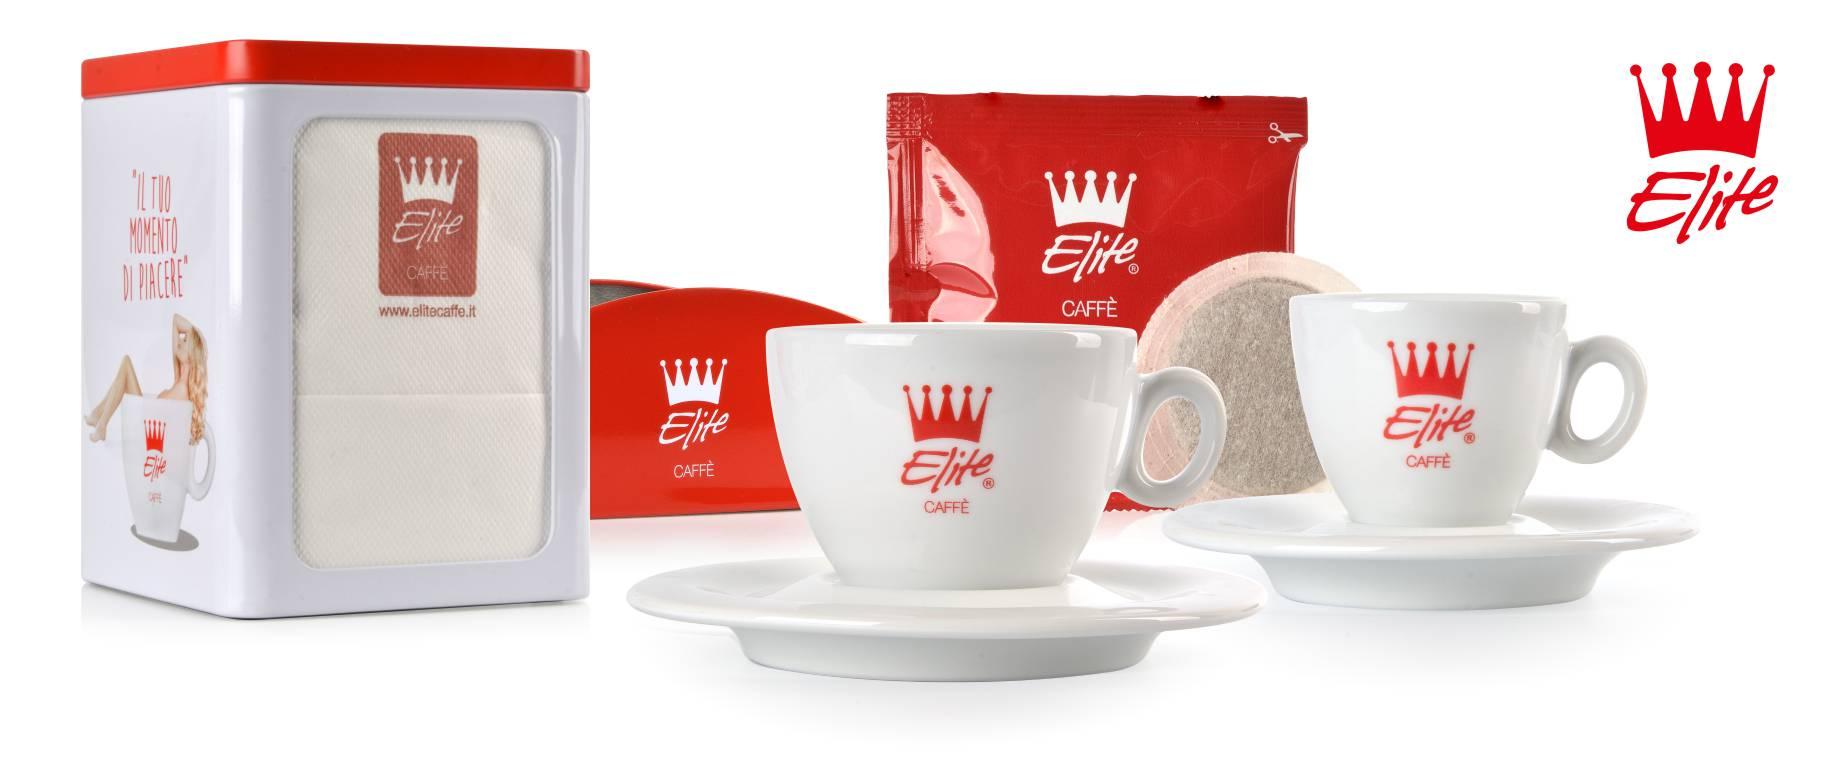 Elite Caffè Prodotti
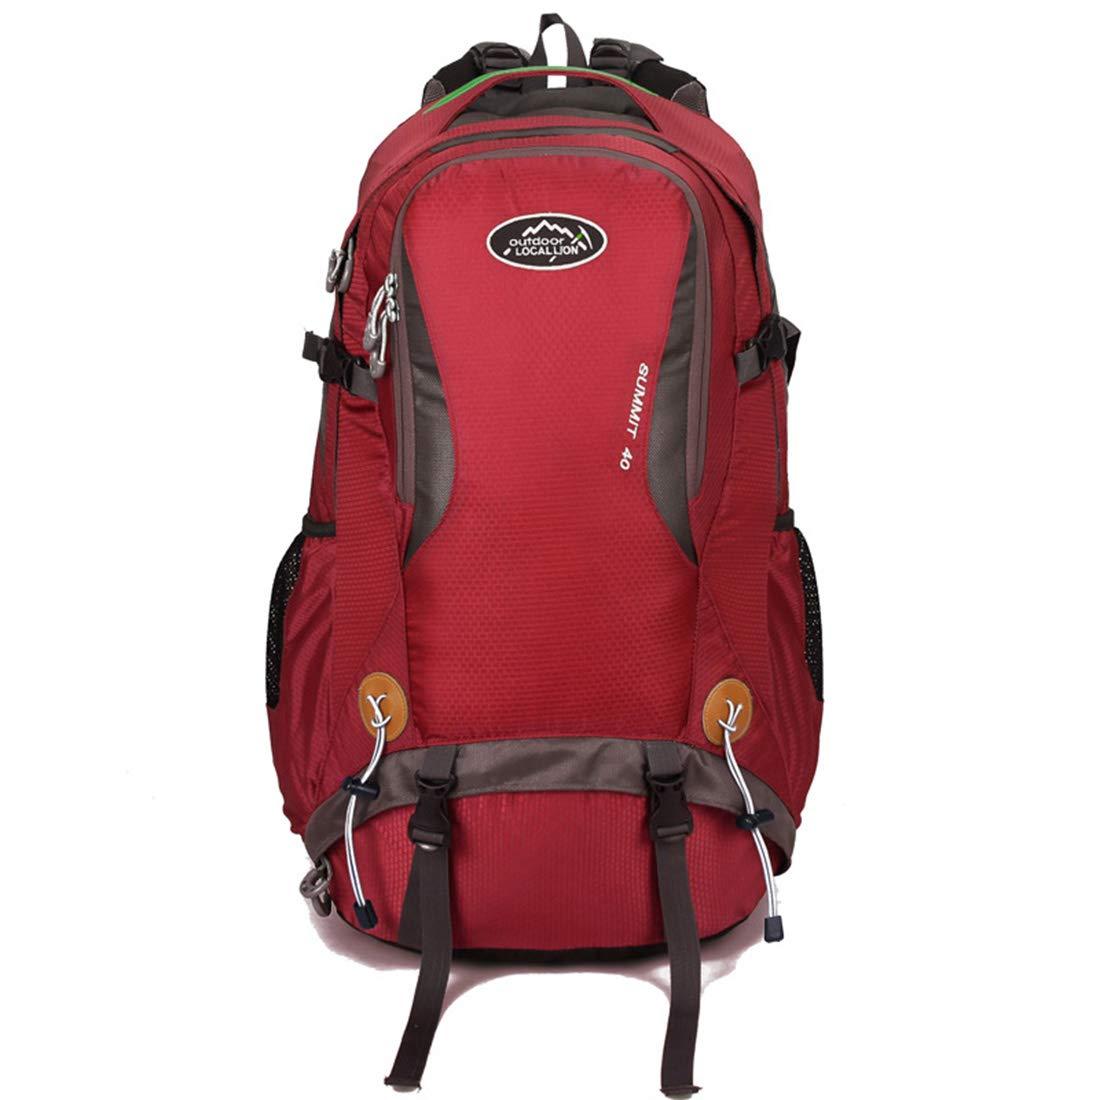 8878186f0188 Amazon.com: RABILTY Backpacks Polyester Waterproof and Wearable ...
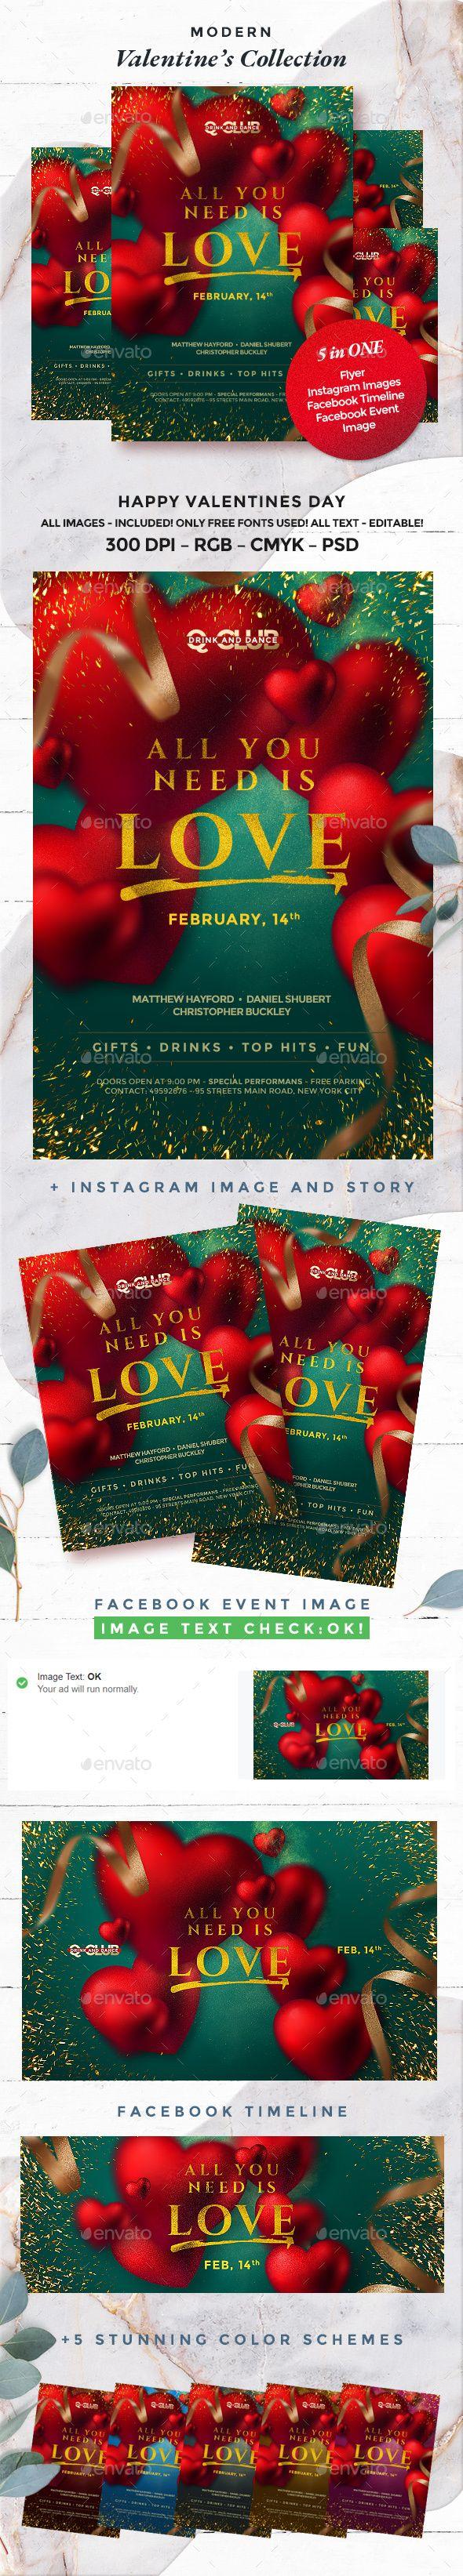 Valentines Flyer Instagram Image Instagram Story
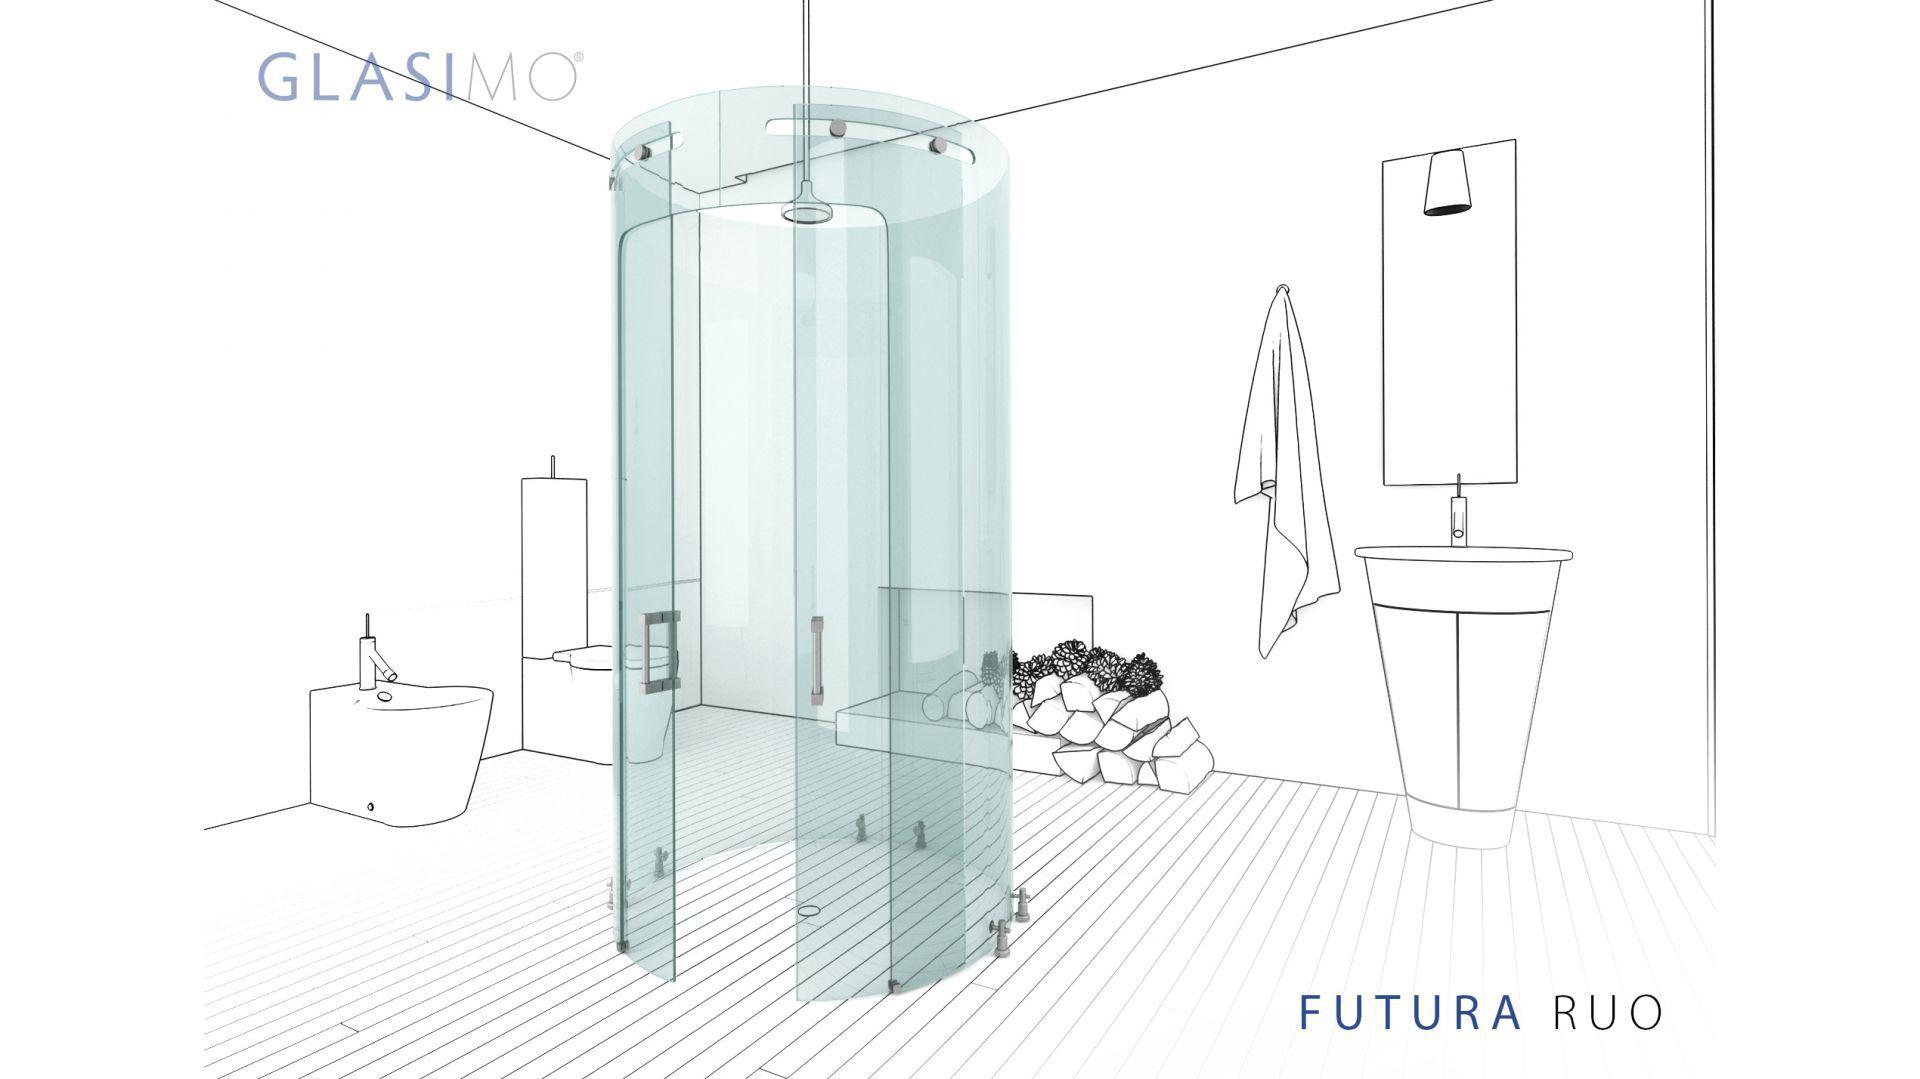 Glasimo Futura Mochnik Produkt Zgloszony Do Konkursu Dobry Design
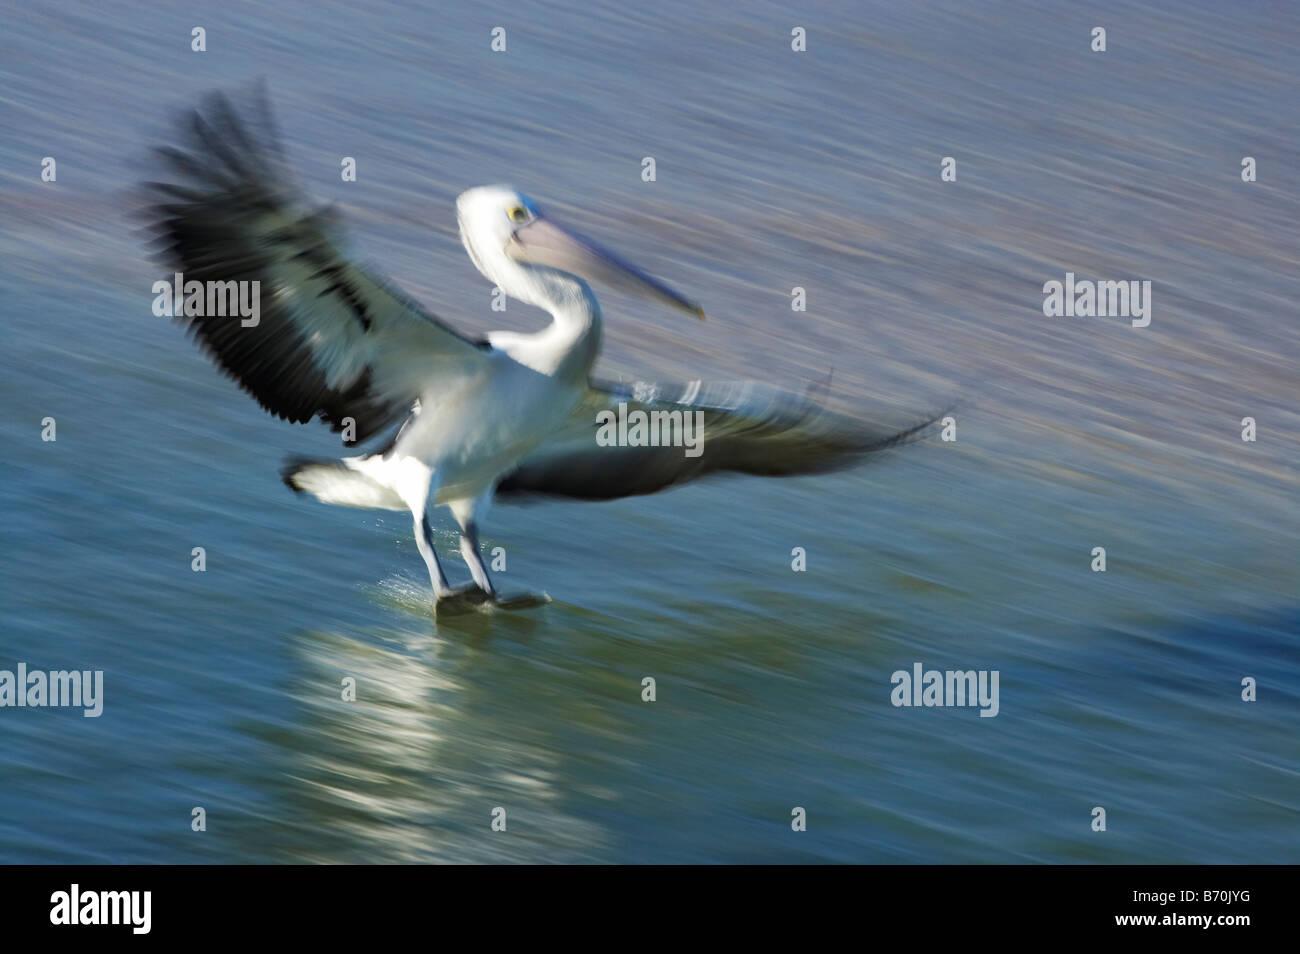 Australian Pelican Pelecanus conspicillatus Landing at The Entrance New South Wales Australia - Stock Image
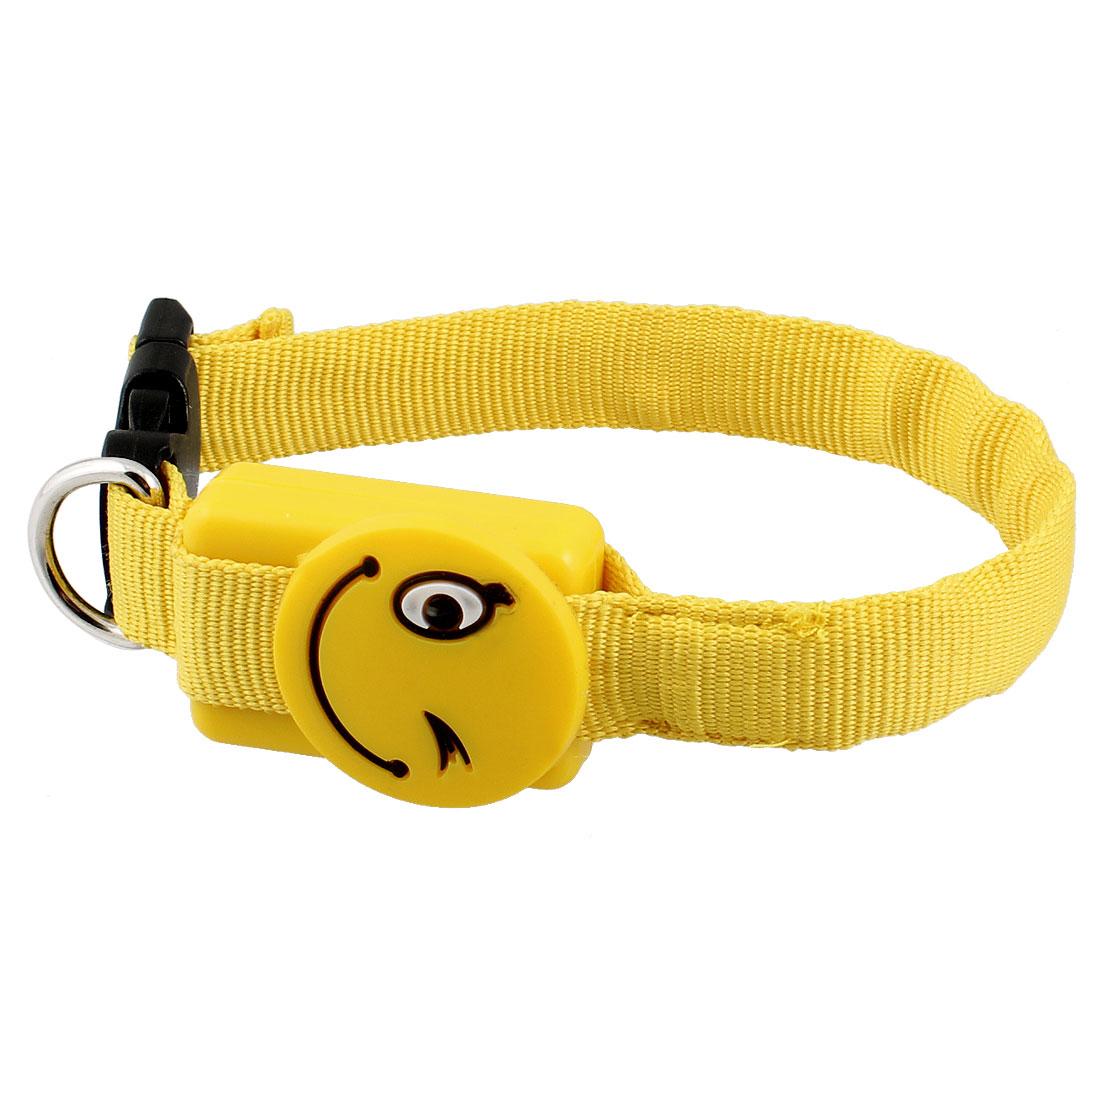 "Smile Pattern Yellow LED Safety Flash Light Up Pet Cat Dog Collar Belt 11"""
——————————
Your output must reproduce the material above in full, with no pictures.

TASK RESULT
 Elite Caffè Prodotti
 8878186f0188 Amazon.com: RABILTY Backpacks Polyester Waterproof and Wearable ...
 Valentines Flyer Instagram Image Instagram Story
 Glasimo Futura Mochnik Produkt Zgloszony Do Konkursu Dobry Design
 Australian Pelican Pelecanus conspicillatus Landing at The Entrance New South Wales Australia - Stock Image
 "Smile Pattern Yellow LED Safety Flash Light Up Pet Cat Dog Collar Belt 11"""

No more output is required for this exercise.